Maverick's expression shifted from wary to grateful. "You are a lifesaver. I was starting to think we'd have to eat cereal for the third night this week."

"Third night?" I stared at him. "What happened to the other dinners I planned?"

"Well, Monday you were helping with the new arrivals and forgot to eat until midnight. Tuesday Aurora had that growth spurt and needed constant feeding. Wednesday..." He paused. "Wednesday I may have attempted to surprise you with pancakes and accidentally created what I can only describe as breakfast soup."

"Breakfast soup?"

"It was very... liquid."

Aurora chose that moment to reach toward Mason, making the grabby hands that indicated she wanted to be held. After a moment's hesitation, he shifted the casserole to one arm and took her with the other.

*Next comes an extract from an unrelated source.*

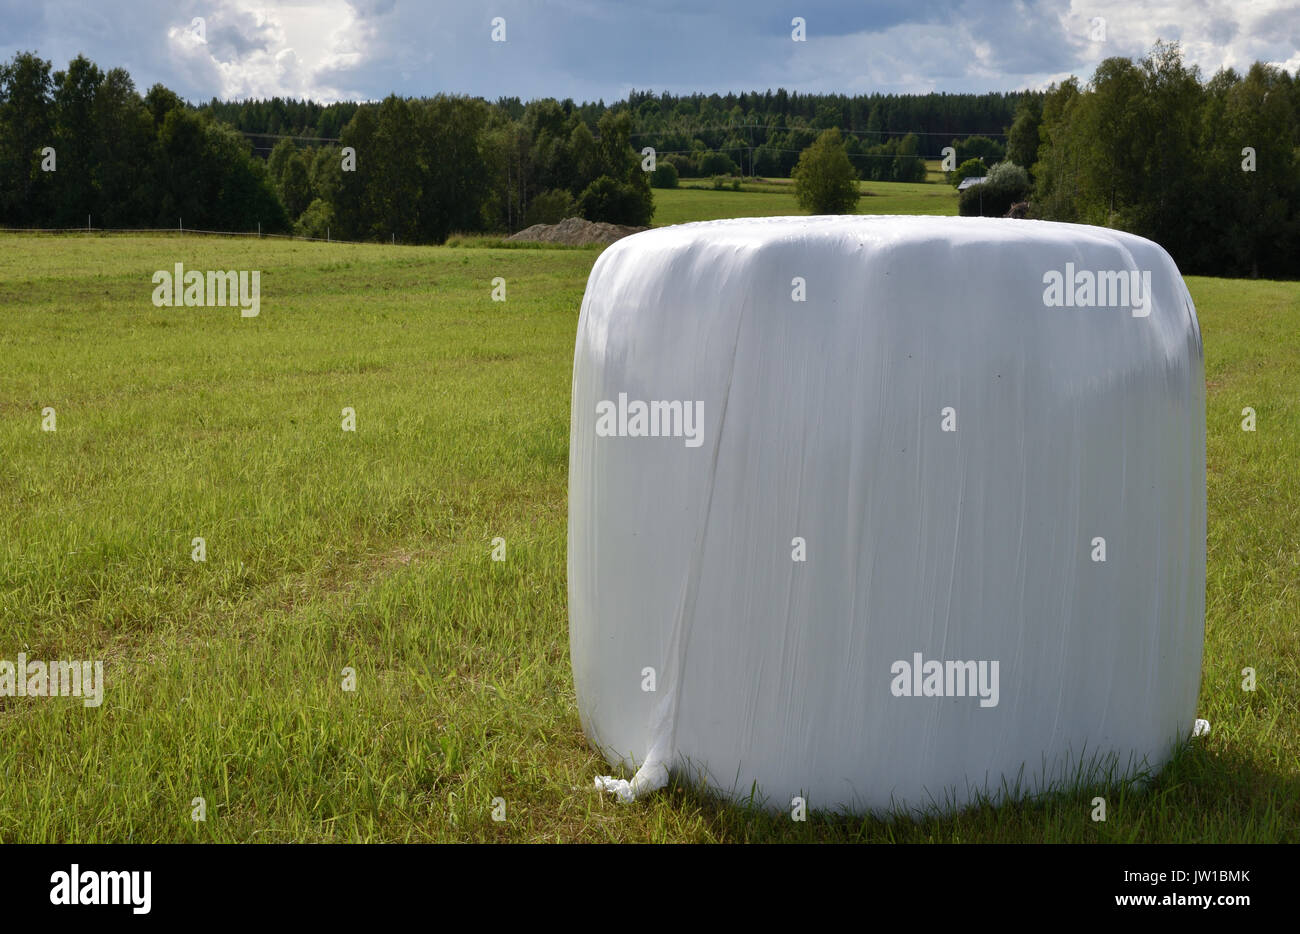 Single Einsilierung conservated in Kunststoff, stehend auf einem grünen Feld, Bild aus dem Norden von Schweden. Stockfoto

"Hey there, little troublemaker," he said softly. "I hear you've been redecorating kitchens."

She babbled something that sounded almost conversational, patting his cheek with one tiny hand. Mason's expression melted into something soft and wondering.

"She's beautiful," he said, looking up at both of us. "Really beautiful. You two did good work."

"Thanks," Maverick said, and I could hear the surprise in his voice at how natural this felt—the three of us standing in our disaster of a kitchen, sharing our daughter's attention without awkwardness or competition.

"Should we eat before it gets cold?" I suggested, mostly because watching Mason hold Aurora was doing strange things to my heart that I wasn't ready to examine.

"Good idea," Maverick agreed. "I'll clear some space on the table. Fair warning though—there might be some structural damage to the dining area."

As we worked together to salvage dinner from the chaos of Maverick's cooking adventure, Aurora content in Mason's arms and occasionally offering commentary in her baby babble, I realized something had shifted. Not back to what we'd had before—that was impossible and wouldn't have been right anyway—but forward to something new.

We were becoming a different kind of family. Complicated, unconventional, but somehow exactly what we all needed.

Even if it did involve an unusual amount of kitchen disasters.